Input files not found. Path typos are the most common cause. Tapis stages files into a working directory, so relative paths in the script must match the directory structure that was uploaded. Look in .err for messages like No such file or directory: 'inputs/motions/GM_01.txt'.

Walltime exceeded. SLURM kills jobs that exceed their max_minutes limit. The .err file will contain CANCELLED AT ... DUE TO TIME LIMIT. Resubmit with a longer walltime. A good rule of thumb is to add 50% margin beyond the expected runtime.

MPI configuration wrong. On TACC systems, ibrun is the correct MPI launcher (see Running HPC Jobs). If .err shows ORTE was unable to reliably start one or more daemons or MPI hostfile errors, check that the node/core counts match the model’s decomposition.

Wrong number of MPI ranks. If an OpenSees MP model is partitioned into 96 subdomains but the job requests 48 cores, the simulation will fail or produce incorrect results. Total ranks (node_count x cores_per_node) must match the model setup.

Ranks writing to the same file. If output files contain garbled data or results seem randomly wrong, check that each MPI rank writes to a unique filename. See Rank-aware file management.

Module not available. TACC uses environment modules to manage software versions. If .err shows Lmod has detected the following error: The following module(s) are unknown, the compute node does not have the expected software. This often happens when a module name or version has changed. Verify the app definition includes the correct module loads.
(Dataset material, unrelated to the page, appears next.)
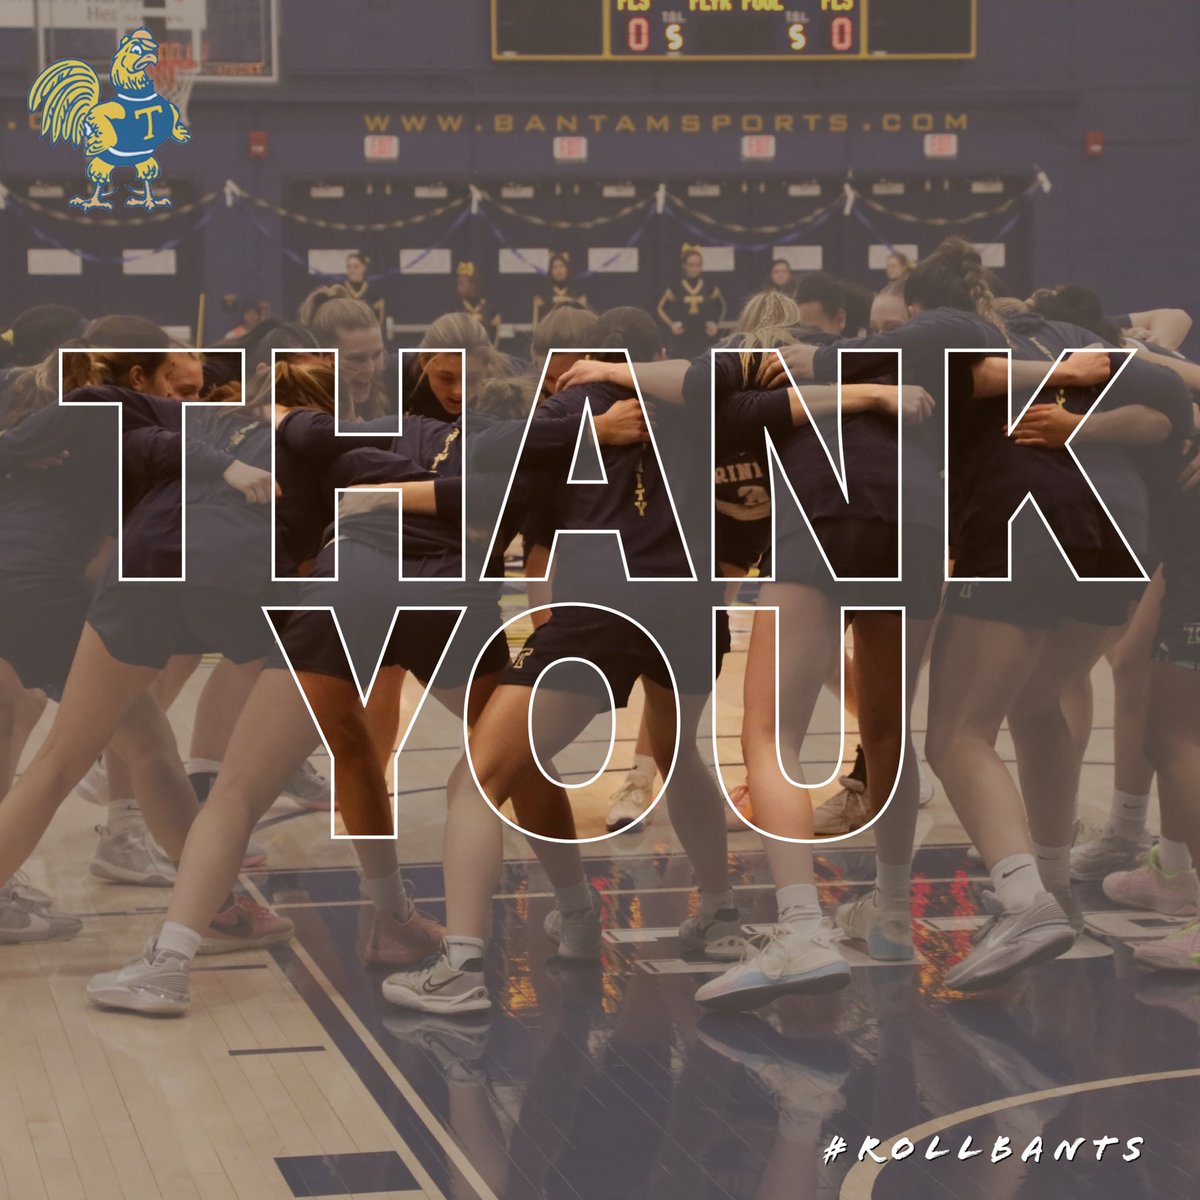 A huge thank you to our families, friends & all who supported us this season. While it’s always hard to have our journey come to an end, we’re grateful for the ride. An especially big thank you to our 3 seniors, who gave their all for this program and family 💙💛 #RollBants

Staging failure. If the job fails during STAGING_INPUTS, Tapis could not copy the input files to the execution system. Common causes:

The input_dir_uri path is wrong. Double-check with ds.files.list() that the directory exists and contains the expected files.
Permission denied on a MyProjects directory. The submitting user must be a member of the project.
The source directory is empty or does not exist on the storage system.
Storage quota exceeded on the execution system’s Work filesystem.

Archiving failure. If the job ran successfully but fails during ARCHIVING, Tapis could not copy the output files back to DesignSafe storage. Common causes:

The archive path does not exist or the user does not have write access.
The output is too large for the available Corral quota.
The job produced no output files (check that the simulation actually wrote results to the working directory).

In both cases, job.get_status() will show FAILED. Check the Tapis job history for the specific error message, or contact DesignSafe support with the job UUID.

Reconnecting to a running job¶

A lost notebook session does not mean losing track of a job. Reconnect using the job UUID.

from dapi import DSClient

ds = DSClient()
job = ds.jobs.job("your-job-uuid-here")
job.get_status()

The job UUID appears in the output from ds.jobs.submit() and on the DesignSafe Job Status page in the portal.

Quick debugging workflow¶

When a job fails, work through these steps:

# 1. Check the final state
job.get_status()

# 2. List the output files
job.list_outputs()

# 3. Read the error log
print(job.get_output_content("tapisjob.err"))

# 4. Read the output log
print(job.get_output_content("tapisjob.out"))

Most problems become clear from the error log. If not, work through the Troubleshooting checklist above.